Zamudio and Drake are now pushing further into the online learning environment; with an innovation award of their own, they are creating a version of their BIOEE 1780 course, active learning included, completely online. The in-person course will continue to run every semester; the online iteration will provide students with another option and mode of learning. Comparing the two courses, Zamudio and her team, with education researcher Michelle Smith, will study how to make the online, active learning model effective and how it could benefit students.
“I don’t think there’s another online class out there that’s trying to incorporate active learning and team-based learning in this way,” Zamudio says. “We want to see how close we can get to the in-person class. How much active learning can we do in an online course? Can we really establish an online community that’s analogous to the community we have in class?”

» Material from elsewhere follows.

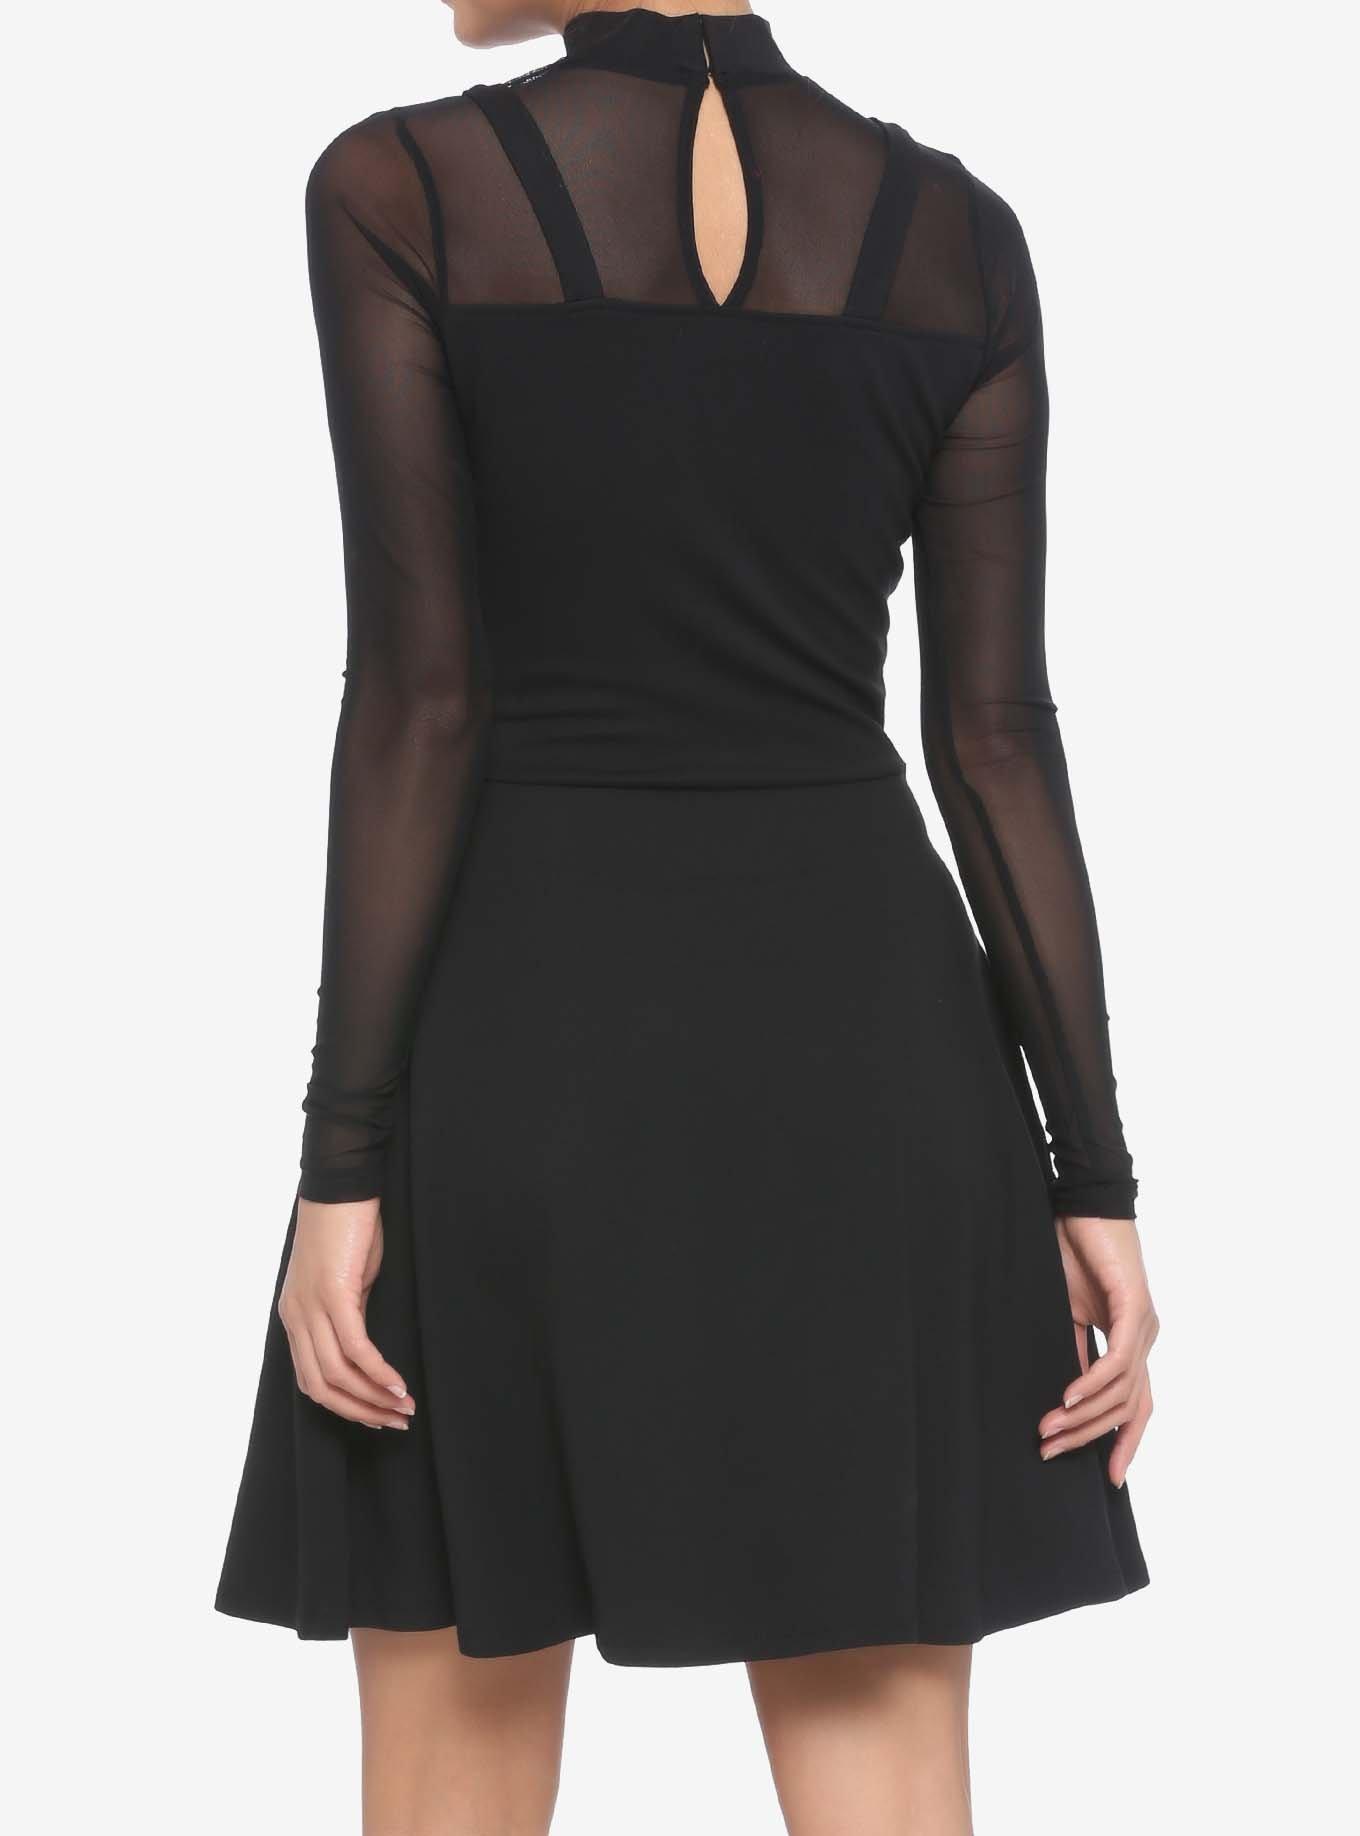 Mesh & Buckle Strap Dress, BLACK, alternate
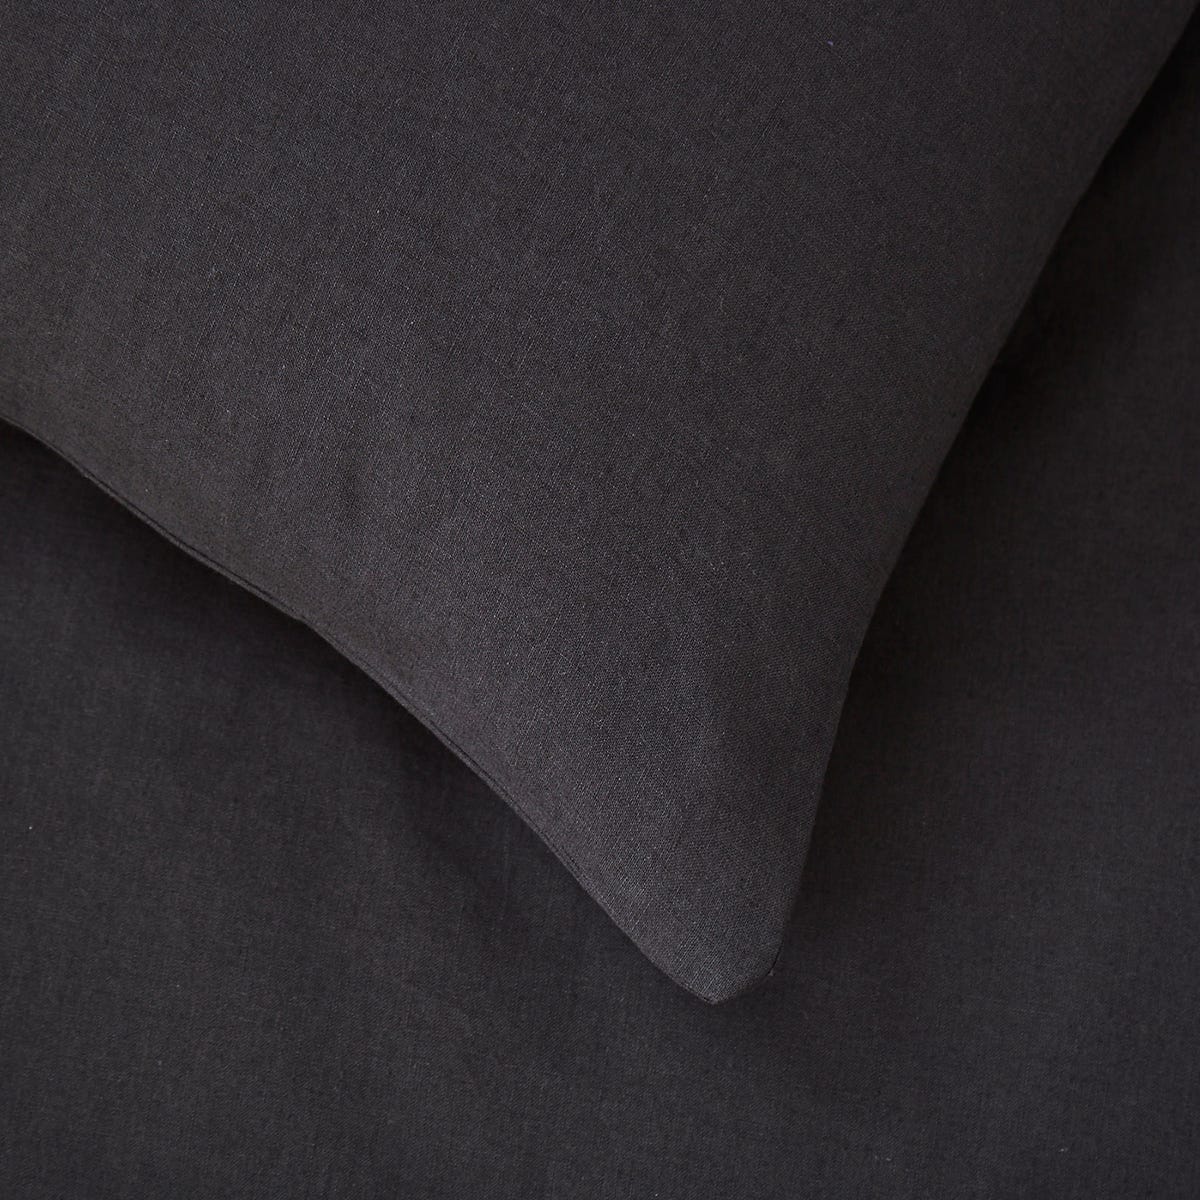 Pair Of Ravello Classic Pillowcases - Linen/Cotton - Charcoal - DUSK

Students engage with each other in an introductory physics course, transformed by Natasha Holmes, the Ann S. Bowers Assistant Professor of Physics, and her team.
The first iteration of the course ran in summer 2019, and the semester-length version launched this fall with the help of a second ALI grant.
Addressing classroom climate
Creating a truly student-centered classroom for optimal learning requires building an inclusive environment for an increasingly diverse student body. In 2018, CTI created a four-week, online course for the Cornell teaching community, Teaching and Learning in the Diverse Classroom.
“I would like professors to know that the students in their classes are not all the same in terms of how they behave, how they think, how they process material, how they learn,” says Jonathan Avery ’19, in one of the student videos featured in the course.“I would want a professor to know that I’m more than what you see,” Dustin Liu ’19 says in the same video. “This is probably one of the largest times of growth for us as individuals and knowing that we’re affected by the things around us, by the national climate, campus climate, by things that happen in our own lives. That’s all really important.”
More than 130 instructors took the course during the 2018-19 school year. Pre- and post-survey data show that the course not only increased instructors’ confidence in inclusive teaching and discussing difficult topics, but also increased their sense of individual responsibility in providing a welcoming environment for all at Cornell.
Sarah Wolfolds, assistant professor in the Dyson School, says the class inspired multiple revelations – the student videos provided windows into the varied student experiences at Cornell, and the readings and lessons gave her practical strategies to deal with conflict and to address events that happen outside the classroom. The prompts allowed her to reflect on her own identity and how she could be more herself as an instructor.
Mark Sarvary (behind camera), director of the Investigative Biology Teaching Laboratories, used a 2018-19 Innovative Teaching Award to create a “Bio-Imagination Makerspace,” including a whisper room, where students explore how to communicate their scientific discoveries and experiences.
“If you can bring your whole self into the classroom, students are much more likely to engage not only with you, but also with your content,” she says.
“The initiative brought together our experts in online learning and course design with experts on inclusive teaching and diversity,” says Ouellett. “But all of these things – active learning, Teaching and Learning in the Diverse Classroom, the migration to Canvas – are just different points of entry into student-centered learning.”
The cumulative impact of these changes and the aspiration is an education that empowers students and builds a stronger sense of community for all.
“The story I tell people about my Cornell experience is that I came to Cornell thinking I knew exactly what I wanted to study, but that quickly changed,” says Vekaria. “When I got to the classes that were open-ended, enhanced by active learning, classes where I was working with other people and where I was able to engage more with the instructors, I found my direction and my passion.”